Segment Start: Records supplied

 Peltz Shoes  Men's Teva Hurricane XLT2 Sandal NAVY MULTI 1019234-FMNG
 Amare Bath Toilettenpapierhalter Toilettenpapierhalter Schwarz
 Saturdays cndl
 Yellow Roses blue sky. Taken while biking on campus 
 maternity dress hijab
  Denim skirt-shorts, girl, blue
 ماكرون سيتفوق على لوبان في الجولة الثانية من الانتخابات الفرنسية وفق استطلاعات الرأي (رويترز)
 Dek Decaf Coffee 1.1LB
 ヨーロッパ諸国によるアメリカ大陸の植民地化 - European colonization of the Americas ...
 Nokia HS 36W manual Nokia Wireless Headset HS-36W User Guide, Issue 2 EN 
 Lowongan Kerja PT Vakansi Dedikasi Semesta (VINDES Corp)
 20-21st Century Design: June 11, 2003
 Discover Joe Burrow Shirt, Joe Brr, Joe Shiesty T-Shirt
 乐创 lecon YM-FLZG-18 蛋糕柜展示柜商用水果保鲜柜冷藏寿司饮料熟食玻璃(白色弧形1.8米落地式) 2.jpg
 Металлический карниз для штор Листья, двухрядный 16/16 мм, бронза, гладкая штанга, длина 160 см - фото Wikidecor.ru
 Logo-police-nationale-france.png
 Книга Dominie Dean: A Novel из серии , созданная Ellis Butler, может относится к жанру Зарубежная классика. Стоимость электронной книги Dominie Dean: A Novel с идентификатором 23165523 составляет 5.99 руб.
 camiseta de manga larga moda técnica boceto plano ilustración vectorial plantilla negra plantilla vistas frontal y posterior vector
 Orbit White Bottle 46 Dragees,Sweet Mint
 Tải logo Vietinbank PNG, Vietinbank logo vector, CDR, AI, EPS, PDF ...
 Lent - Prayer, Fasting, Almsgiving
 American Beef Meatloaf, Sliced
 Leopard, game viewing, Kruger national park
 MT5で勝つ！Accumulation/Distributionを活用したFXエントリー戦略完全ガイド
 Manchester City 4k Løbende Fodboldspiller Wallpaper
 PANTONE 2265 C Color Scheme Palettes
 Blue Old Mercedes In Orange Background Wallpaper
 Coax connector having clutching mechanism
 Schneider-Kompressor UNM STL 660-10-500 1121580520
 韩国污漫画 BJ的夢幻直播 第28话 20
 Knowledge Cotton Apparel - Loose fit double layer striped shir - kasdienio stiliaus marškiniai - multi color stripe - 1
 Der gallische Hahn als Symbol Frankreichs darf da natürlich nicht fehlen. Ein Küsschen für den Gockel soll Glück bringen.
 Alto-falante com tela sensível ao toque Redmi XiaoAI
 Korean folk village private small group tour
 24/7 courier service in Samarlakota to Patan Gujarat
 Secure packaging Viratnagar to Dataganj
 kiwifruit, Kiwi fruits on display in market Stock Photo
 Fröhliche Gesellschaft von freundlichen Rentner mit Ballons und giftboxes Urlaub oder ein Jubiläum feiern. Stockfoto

Segment End: Records supplied

## What is being asked
Beginning at the line that holds "Книга Dominie Dean: A", reproduce the lines exactly up to and including the final line of the entries.

## Response to the exercise
 Книга Dominie Dean: A Novel из серии , созданная Ellis Butler, может относится к жанру Зарубежная классика. Стоимость электронной книги Dominie Dean: A Novel с идентификатором 23165523 составляет 5.99 руб.
 camiseta de manga larga moda técnica boceto plano ilustración vectorial plantilla negra plantilla vistas frontal y posterior vector
 Orbit White Bottle 46 Dragees,Sweet Mint
 Tải logo Vietinbank PNG, Vietinbank logo vector, CDR, AI, EPS, PDF ...
 Lent - Prayer, Fasting, Almsgiving
 American Beef Meatloaf, Sliced
 Leopard, game viewing, Kruger national park
 MT5で勝つ！Accumulation/Distributionを活用したFXエントリー戦略完全ガイド
 Manchester City 4k Løbende Fodboldspiller Wallpaper
 PANTONE 2265 C Color Scheme Palettes
 Blue Old Mercedes In Orange Background Wallpaper
 Coax connector having clutching mechanism
 Schneider-Kompressor UNM STL 660-10-500 1121580520
 韩国污漫画 BJ的夢幻直播 第28话 20
 Knowledge Cotton Apparel - Loose fit double layer striped shir - kasdienio stiliaus marškiniai - multi color stripe - 1
 Der gallische Hahn als Symbol Frankreichs darf da natürlich nicht fehlen. Ein Küsschen für den Gockel soll Glück bringen.
 Alto-falante com tela sensível ao toque Redmi XiaoAI
 Korean folk village private small group tour
 24/7 courier service in Samarlakota to Patan Gujarat
 Secure packaging Viratnagar to Dataganj
 kiwifruit, Kiwi fruits on display in market Stock Photo
 Fröhliche Gesellschaft von freundlichen Rentner mit Ballons und giftboxes Urlaub oder ein Jubiläum feiern. Stockfoto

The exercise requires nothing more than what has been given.